┌─ GIVEN RECORDS

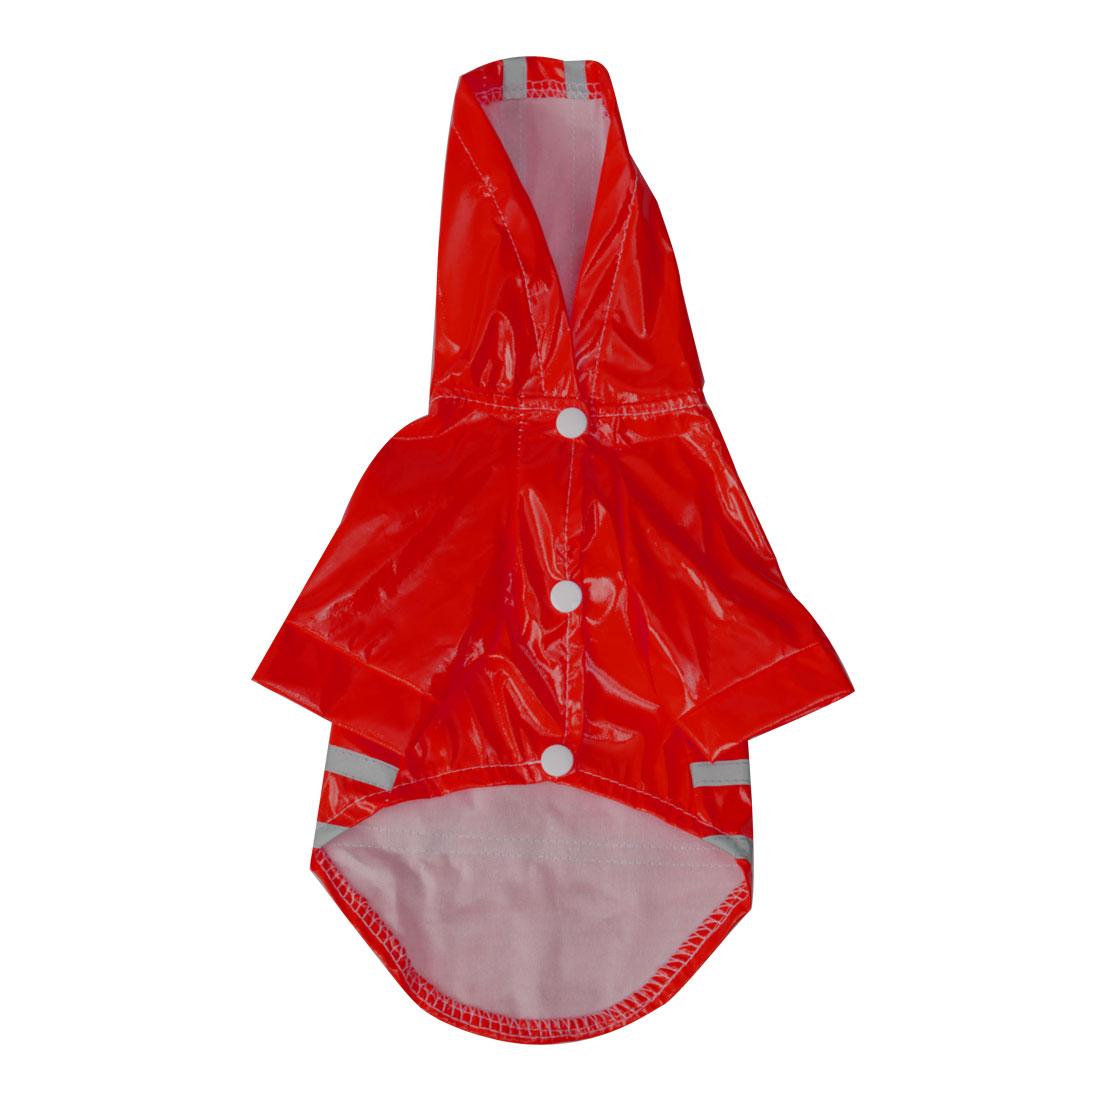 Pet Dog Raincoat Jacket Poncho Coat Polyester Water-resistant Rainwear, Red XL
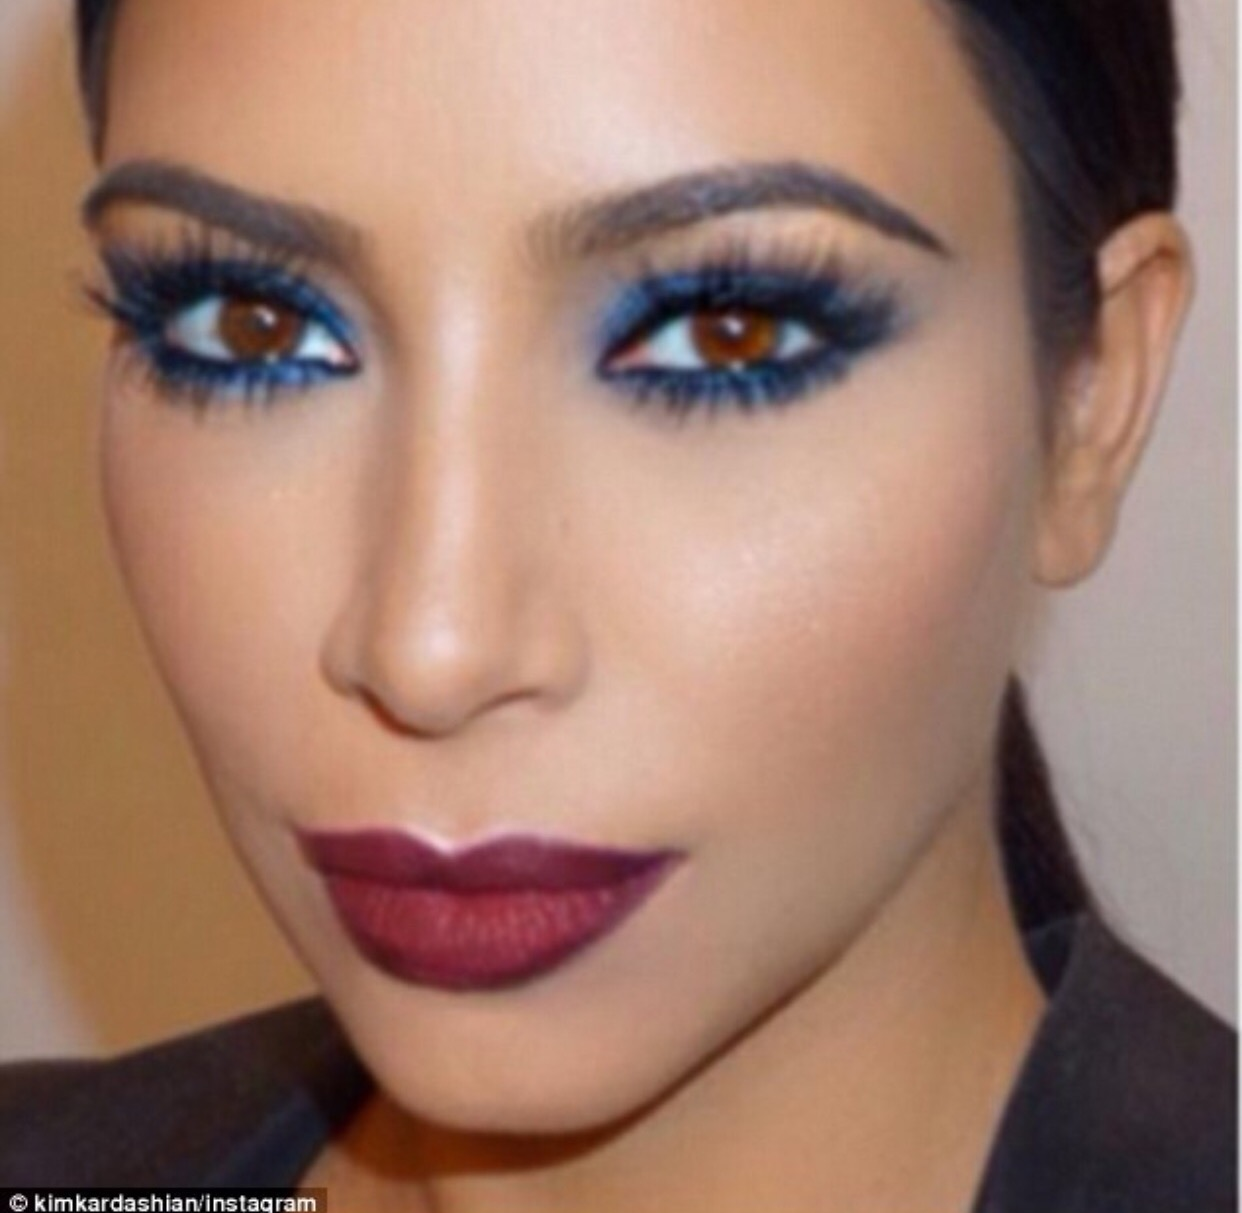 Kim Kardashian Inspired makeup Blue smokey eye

└─
┌─ GIVEN RECORDS

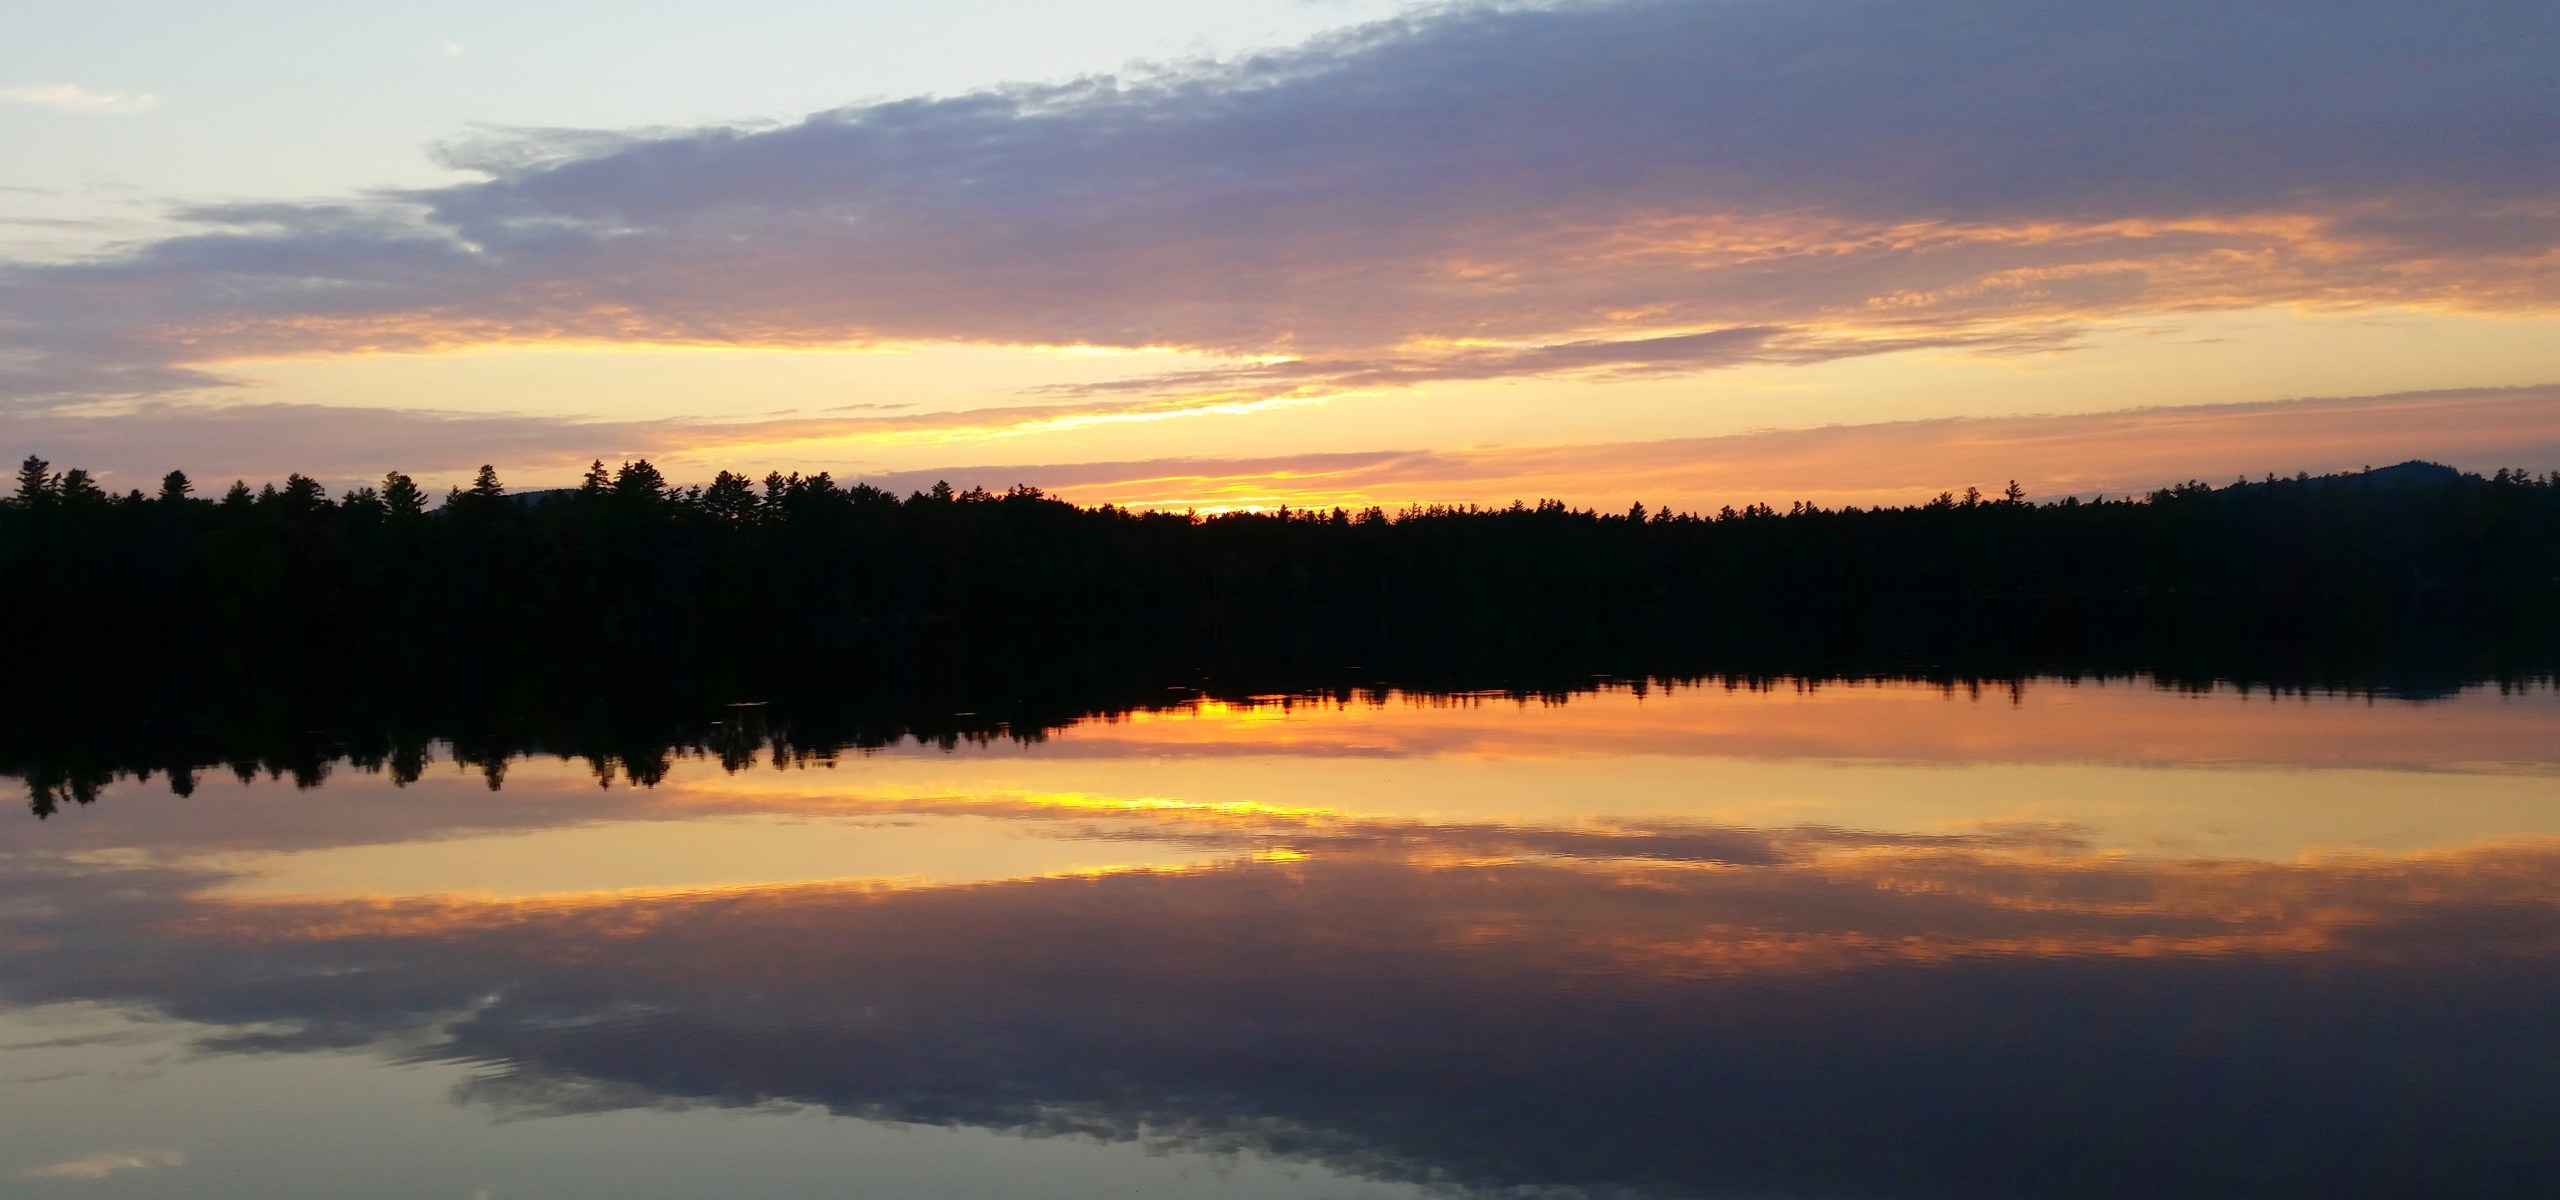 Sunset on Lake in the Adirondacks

└─

## [TASK STATEMENT]
From the records above, transcribe exactly the lines starting at the one containing "Pet Dog Raincoat" and ending at the one containing "Kim Kardashian Inspired". Skip the pictures.

## [TASK ANSWER]
 Pet Dog Raincoat Jacket Poncho Coat Polyester Water-resistant Rainwear, Red XL
 Kim Kardashian Inspired makeup Blue smokey eye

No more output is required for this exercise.